Segment Start: Information supplied

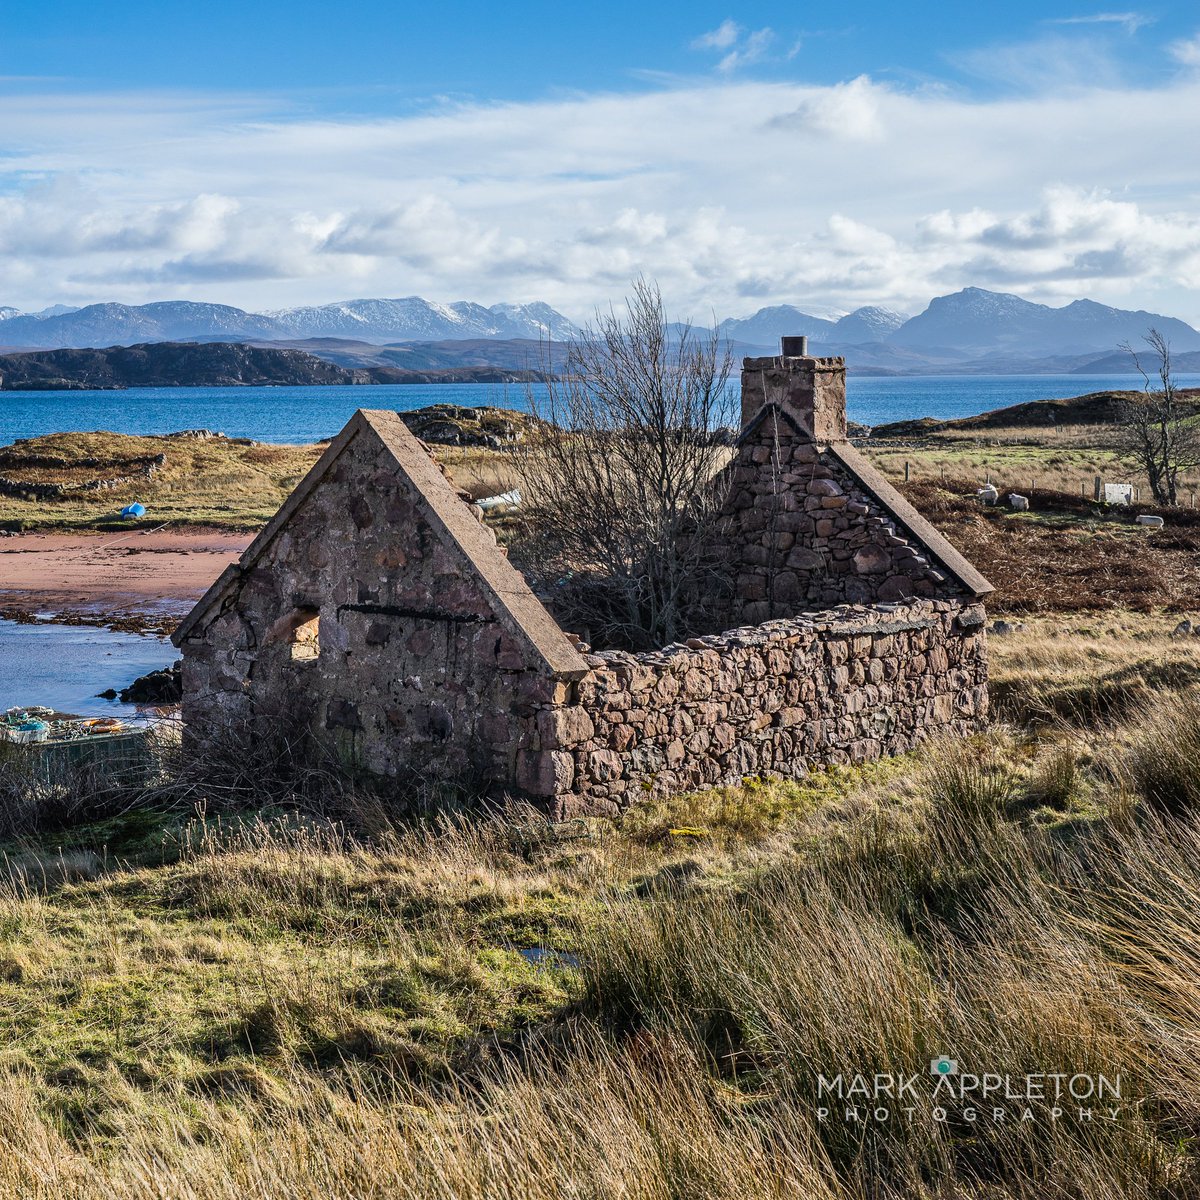 Looking across Loch Ewe towards the Fisherfield mountains. 

#westerross #lochewe #fisherfield #mountains #oldcrofthouse #crofthouse #landscapephotography #Scotland #Highland #Photography #VisitScotland
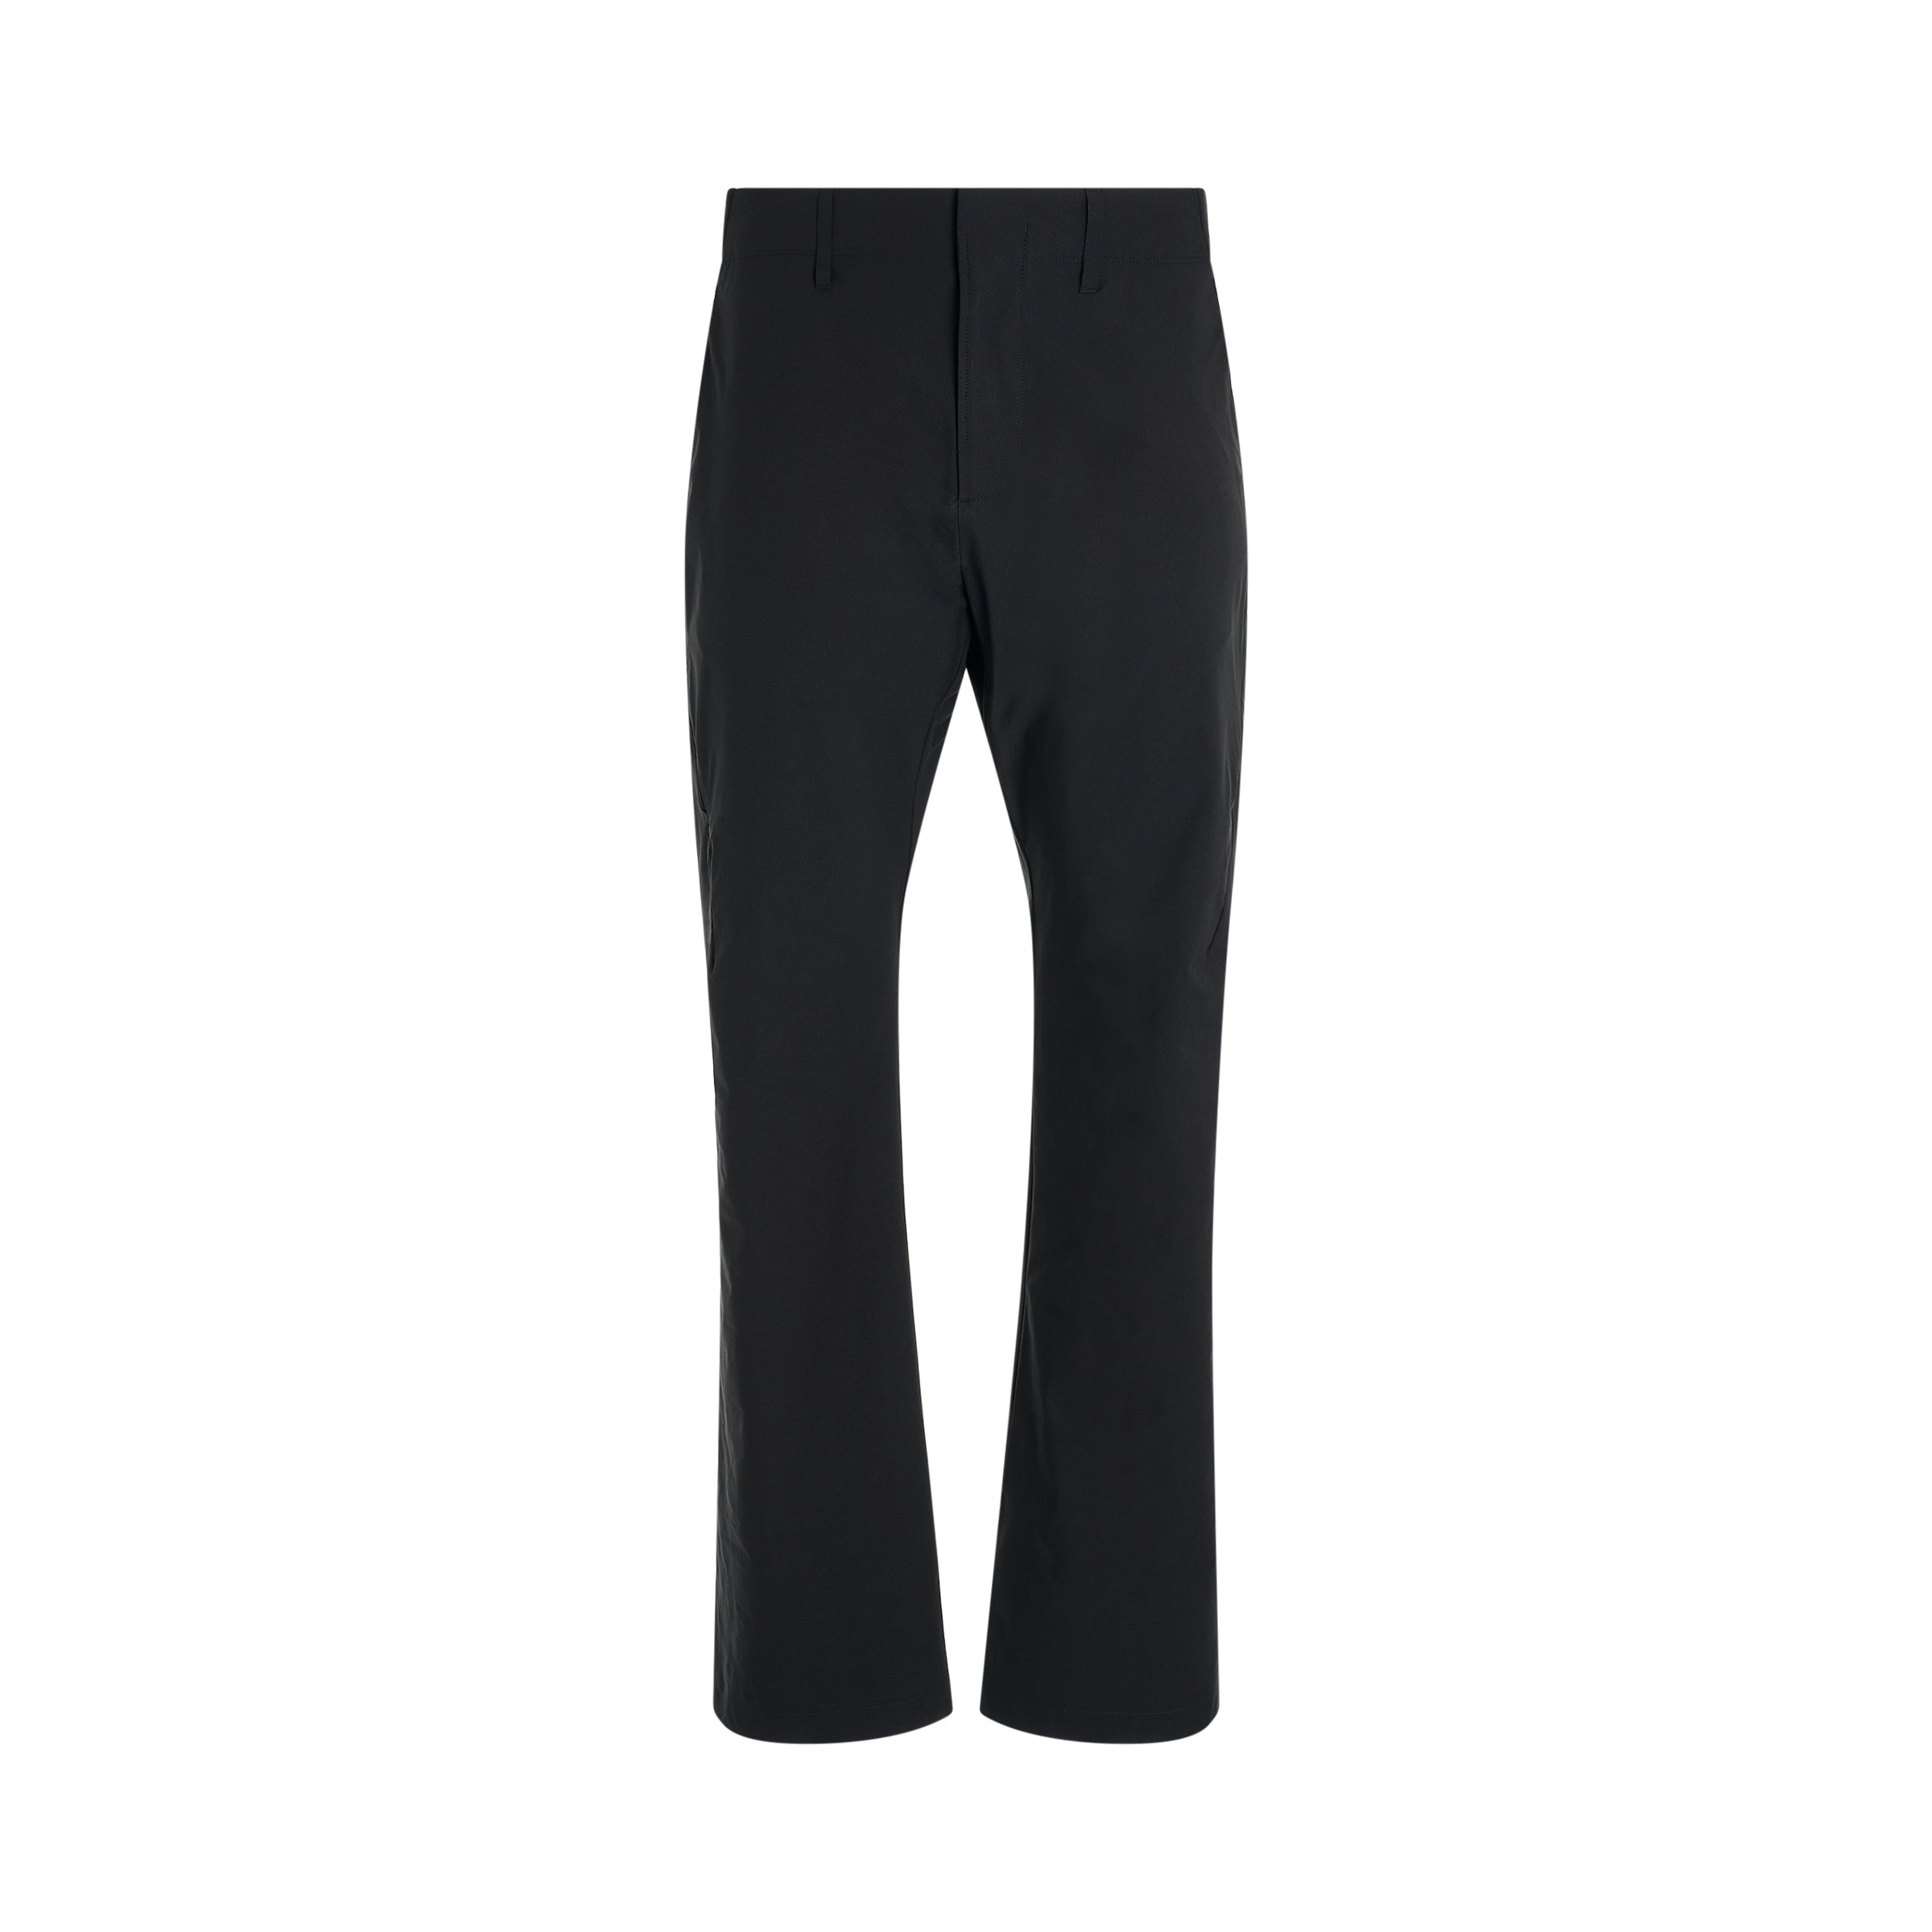 6.0 Technical Pants (Right) in Black - 1

Segment End: Information supplied

▸ Problem to work on
The complete material, set down exactly and stripped of pictures, is the expected response.

▸ Solution for this problem
 Looking across Loch Ewe towards the Fisherfield mountains. 

#westerross #lochewe #fisherfield #mountains #oldcrofthouse #crofthouse #landscapephotography #Scotland #Highland #Photography #VisitScotland
 6.0 Technical Pants (Right) in Black - 1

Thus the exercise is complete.